# Green Beans w Oyster Sauce Garlic n Bacon



## supervman (May 31, 2008)

This is easy and will knock yer socks off

*GREEN BEANS W/ OYSTER SAUCE *
*6 - 8 SERVINGS - THIS IS FANTASTIC !!!!!! *


*2 1/2 Lbs. FRESH GREEN BEANS *
*1 PKG. BACON ( 1 lb) *
*3-6 Garlic Cloves OR 3 Tsp. Minced Garlic*
*1 Bottle of Oyster Sauce (appx 10 oz) not sure sorry. I just know what to grab. *
*Pinch of Salt - generous*

Fill a Large Pot 3/4 full of water and bring to a boil on HI Heat.
Add a Pinch of Salt to the Water ( It will help GREEN the Beans)
Blanch the Beans until Tender Crisp ( About 5 Min)
Drain & Rinse in COLD Water (Blanch and SHOCK) 

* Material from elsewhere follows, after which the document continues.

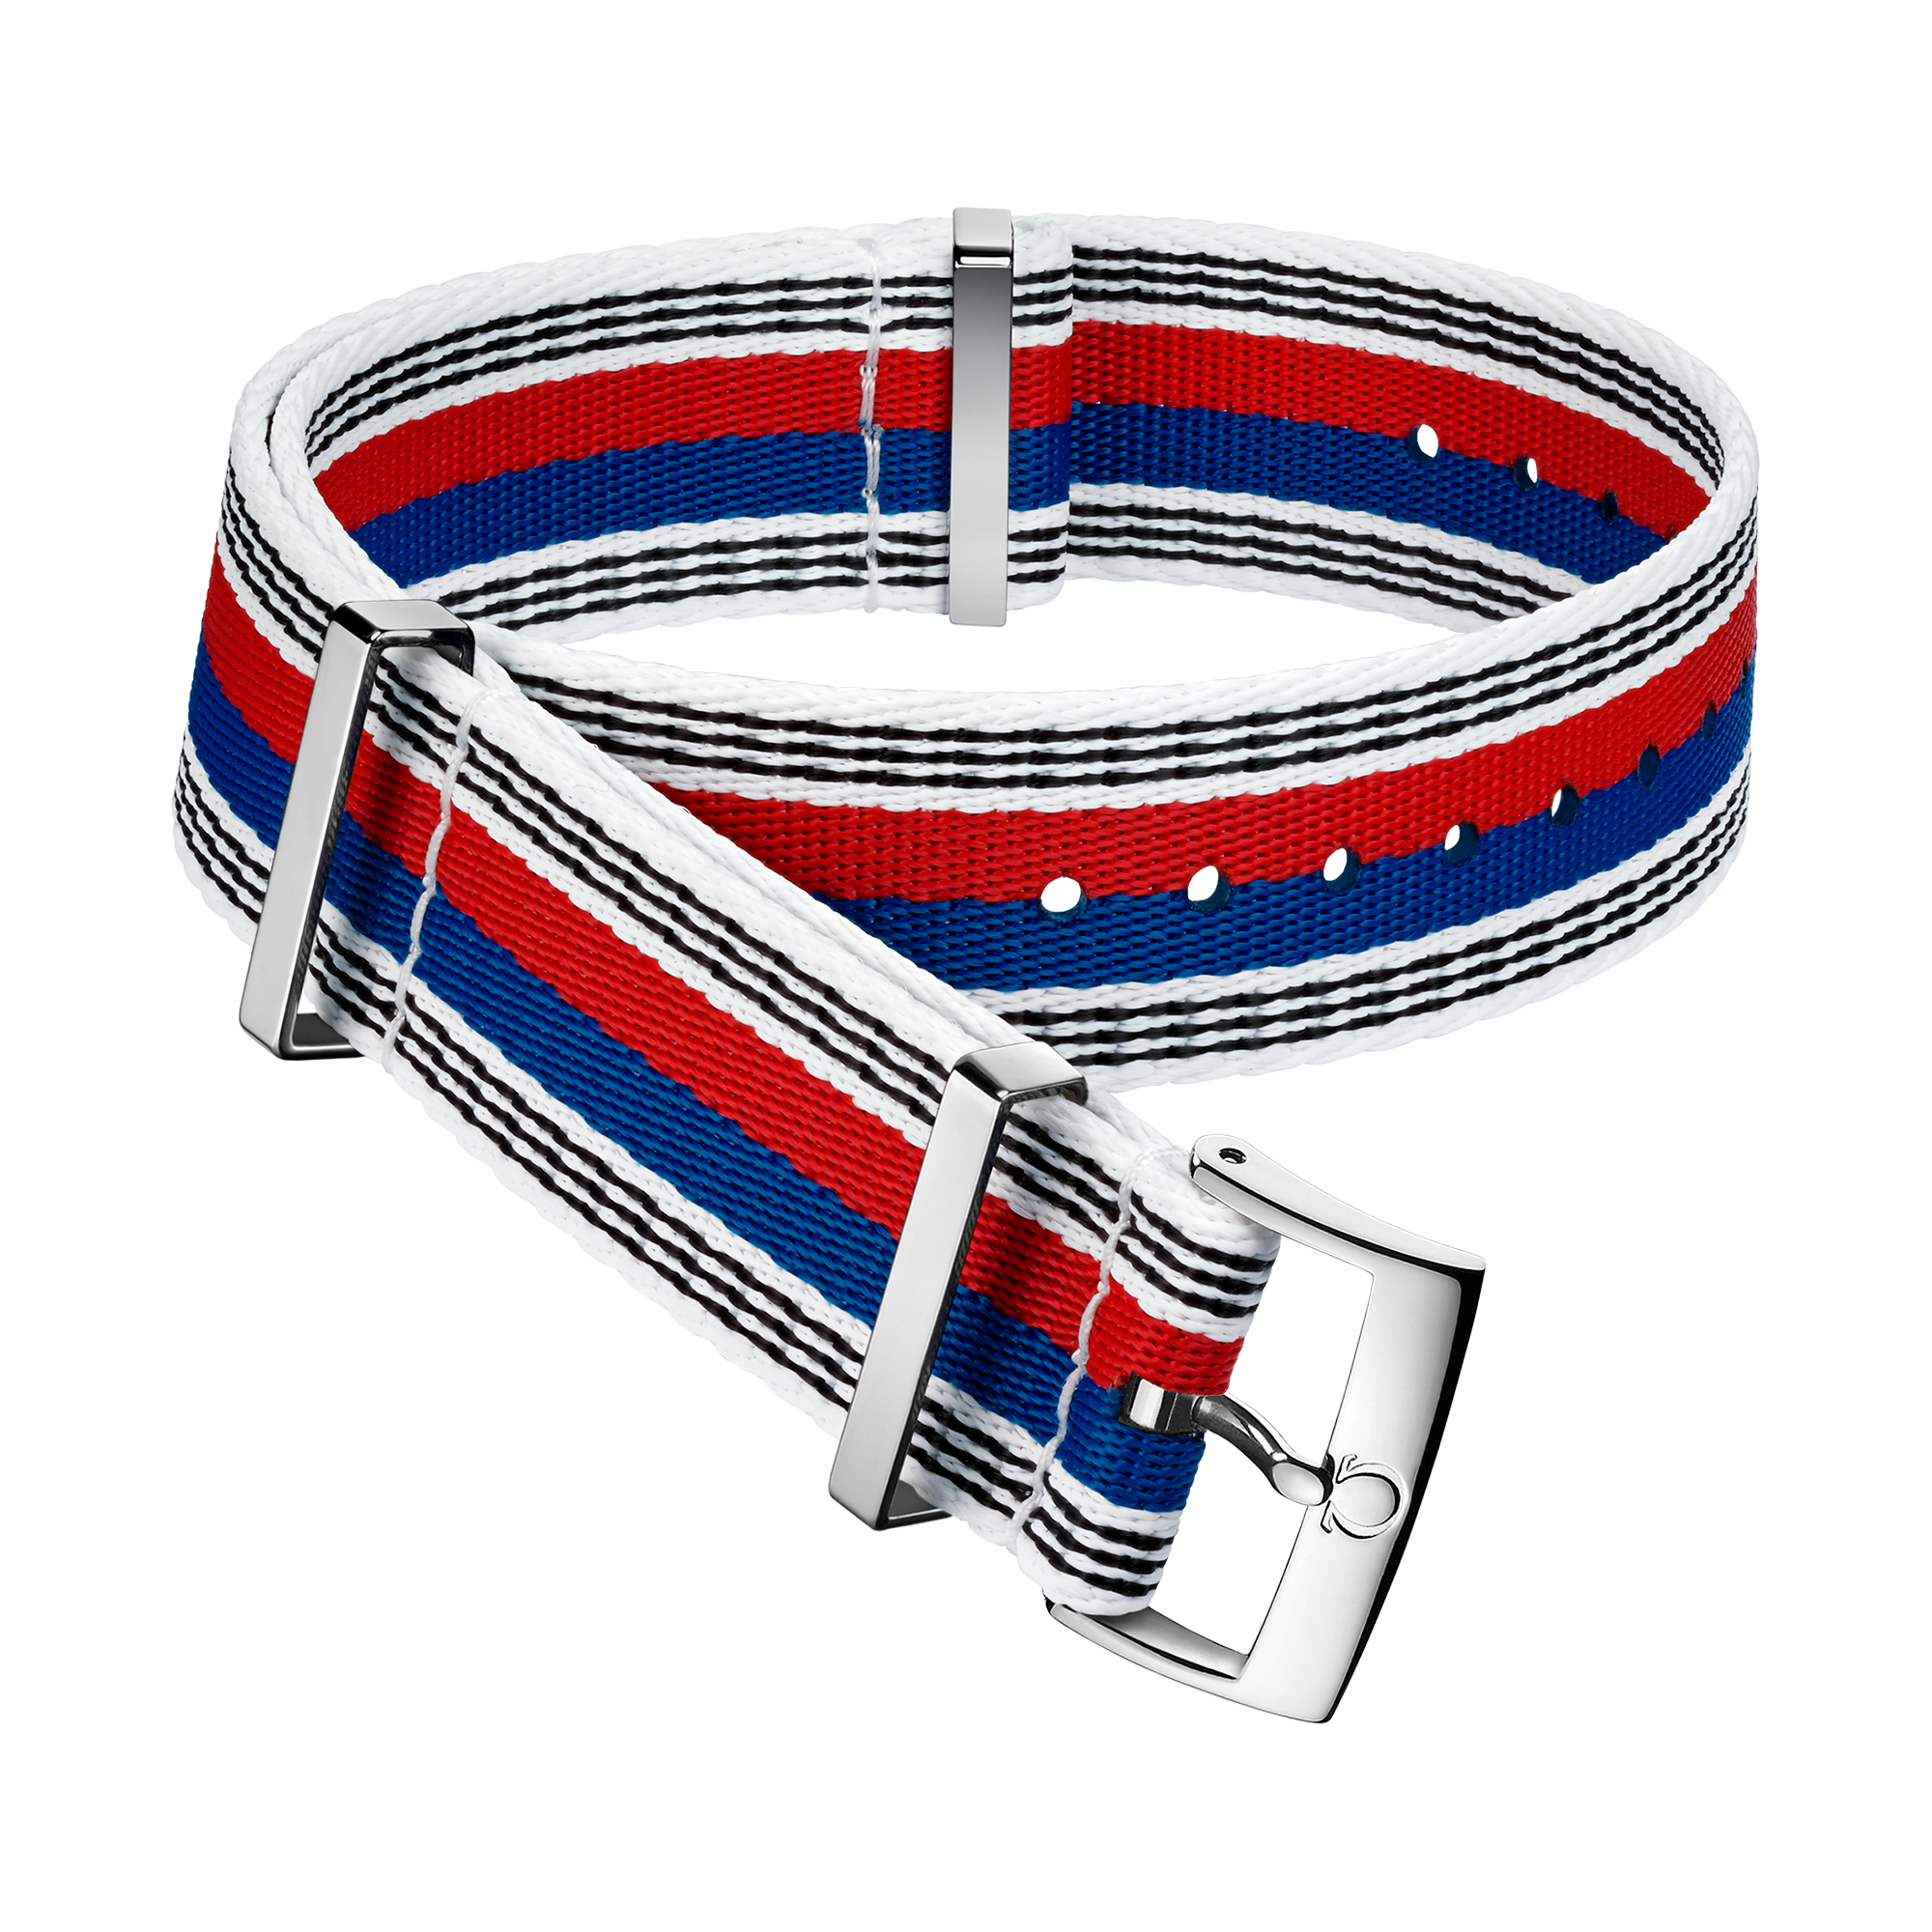 NATO strap - Polyamide white strap with red, blue and black stripes - 031CWZ010636

In a Large Frying Pan cook the Bacon Till Brown. 
Cool Bacon on a Paper Towel Lined Plate and Set Aside. 
RESERVE 1/4 of the Bacon Drippings. 

In a Large Wok or Frying Pan Heat the Reserved Bacon Drippings. 
When Hot, Add Green Beans, and Toss with Garlic. 
Stir Fry until cooked through ( About 5 Min) 
When Beans are ALMOST warm, Toss w OYSTER SAUCE.
Transfer to a warm Platter and Top w Bacon Bits. 

*YOU WILL NOT HAVE LEFT OVERS! *


----------



## monicotti (Jun 16, 2008)

That sounds great, Thanks ill have to try this sometime.


----------